SOURCE INFORMATION:
'''

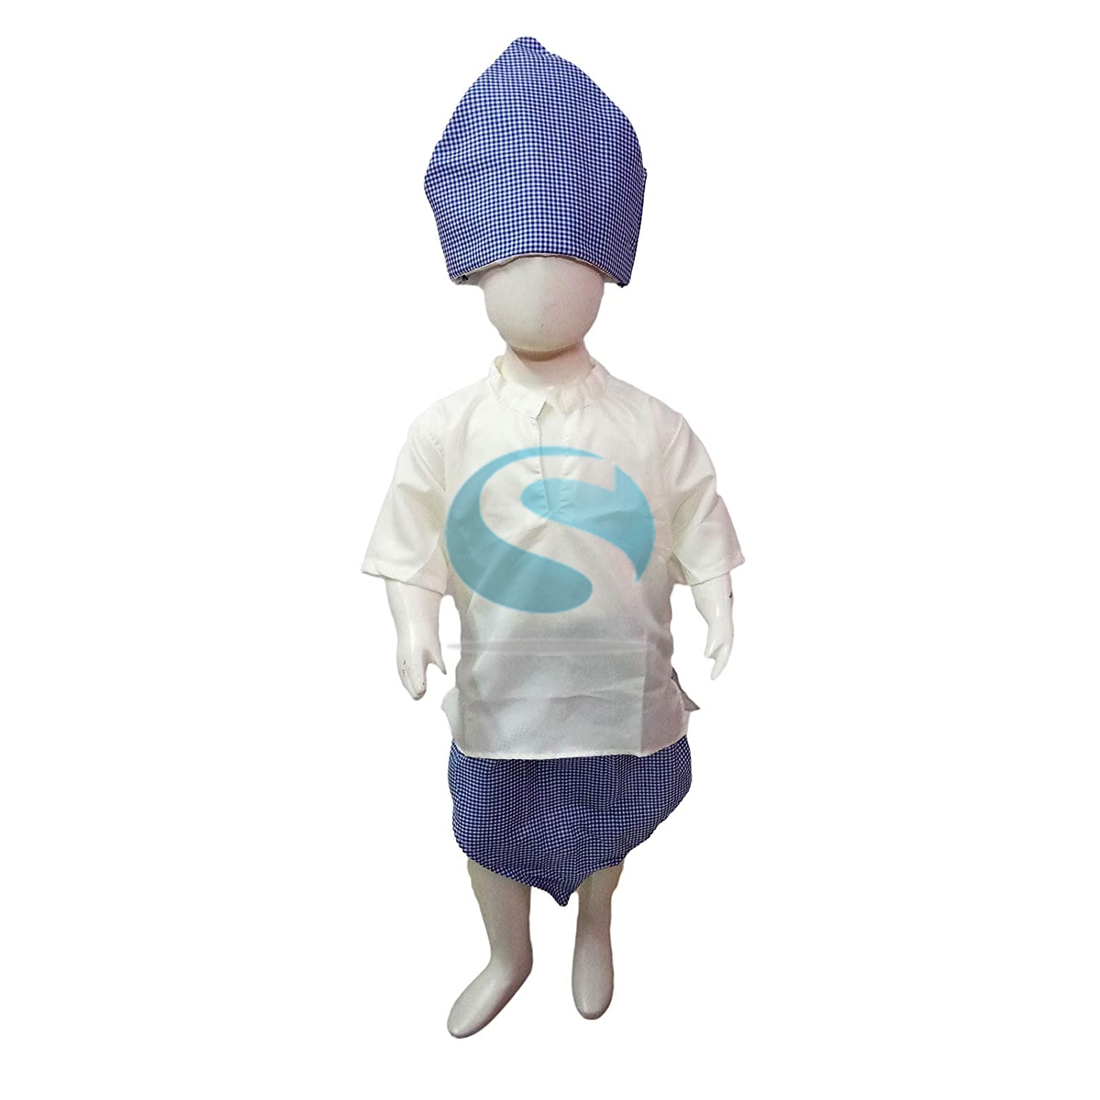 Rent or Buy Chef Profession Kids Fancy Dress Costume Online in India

'''
'''

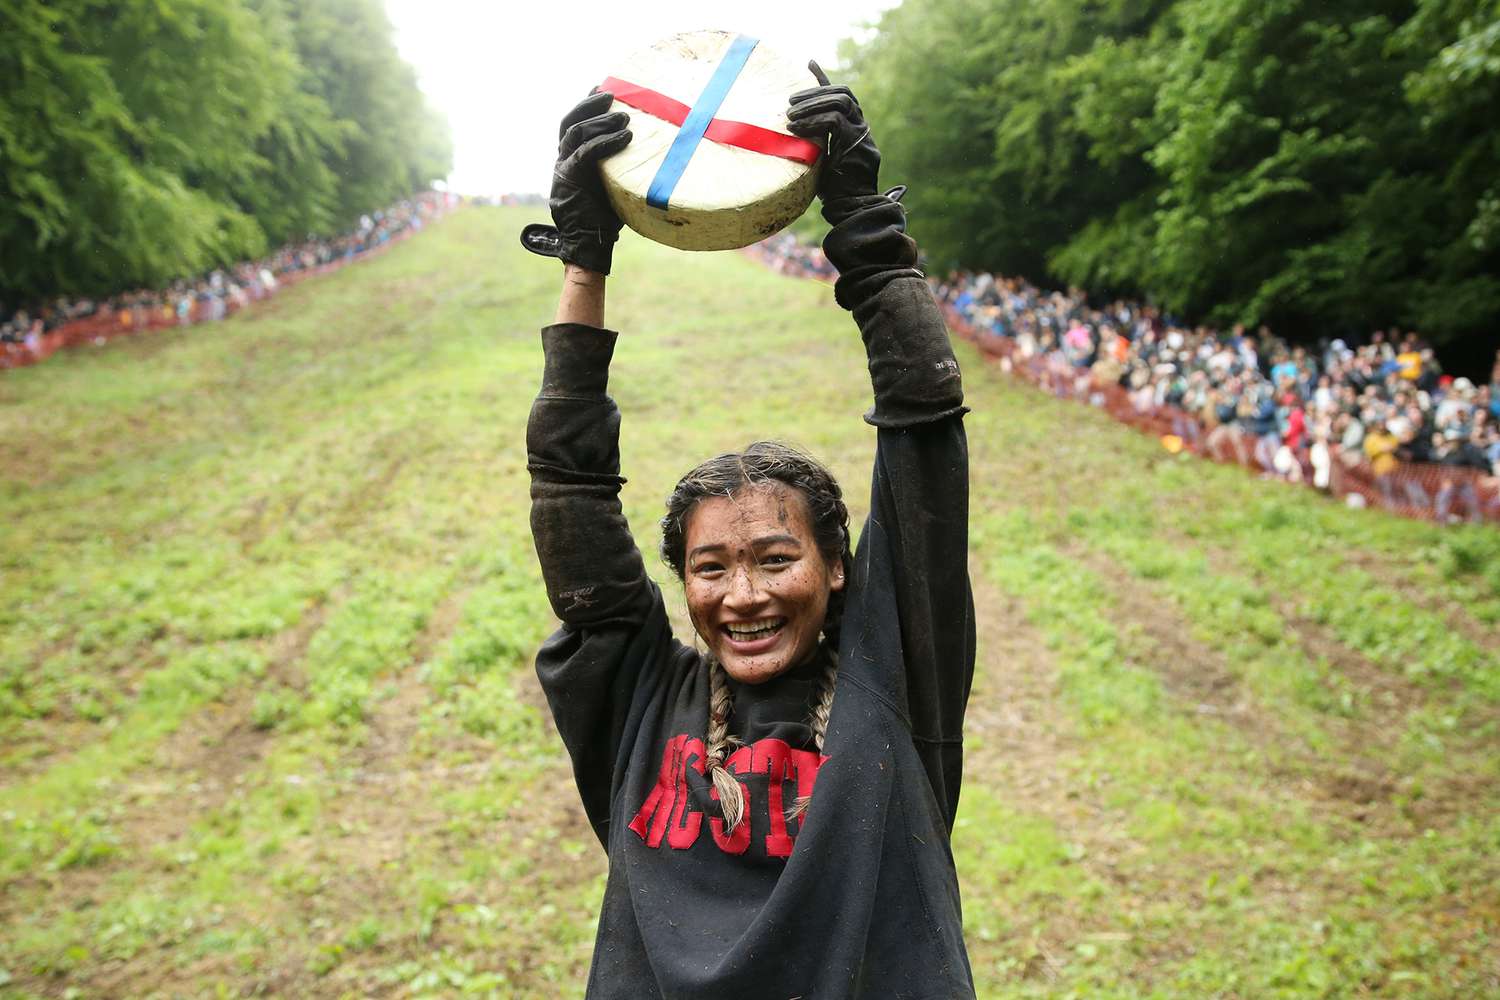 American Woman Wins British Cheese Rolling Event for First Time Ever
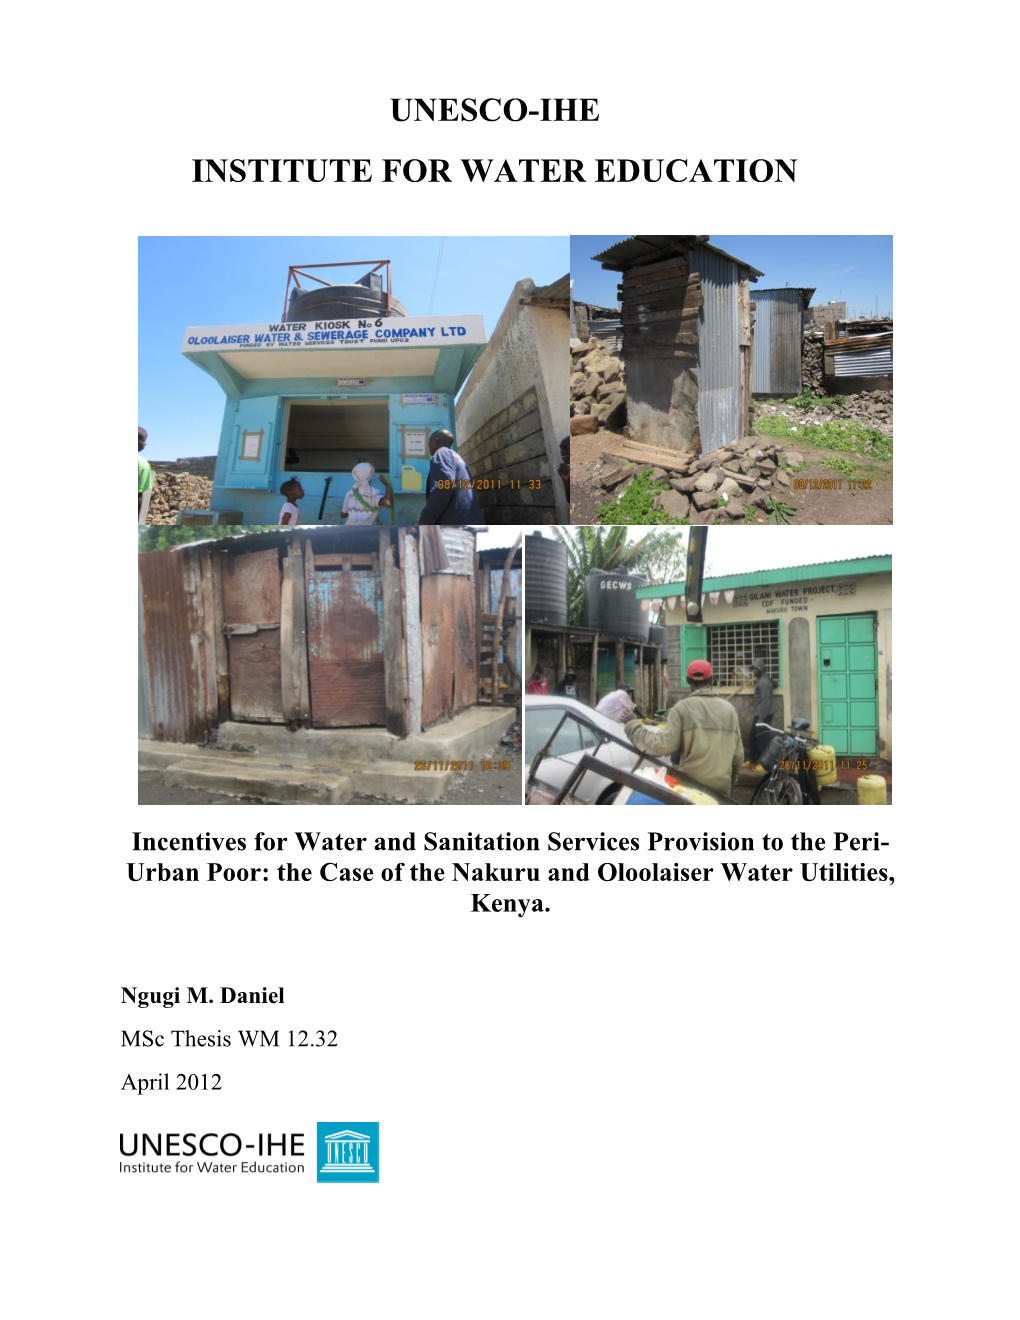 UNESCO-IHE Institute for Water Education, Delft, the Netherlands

'''

EXERCISE OBJECTIVE: Output exactly the stretch of the listing that begins at the line containing "American Woman Wins" and ends at the line containing "UNESCO-IHE Institute for", both kept. Omit pictures and everything else.

TASK ANSWER:
 American Woman Wins British Cheese Rolling Event for First Time Ever
 UNESCO-IHE Institute for Water Education, Delft, the Netherlands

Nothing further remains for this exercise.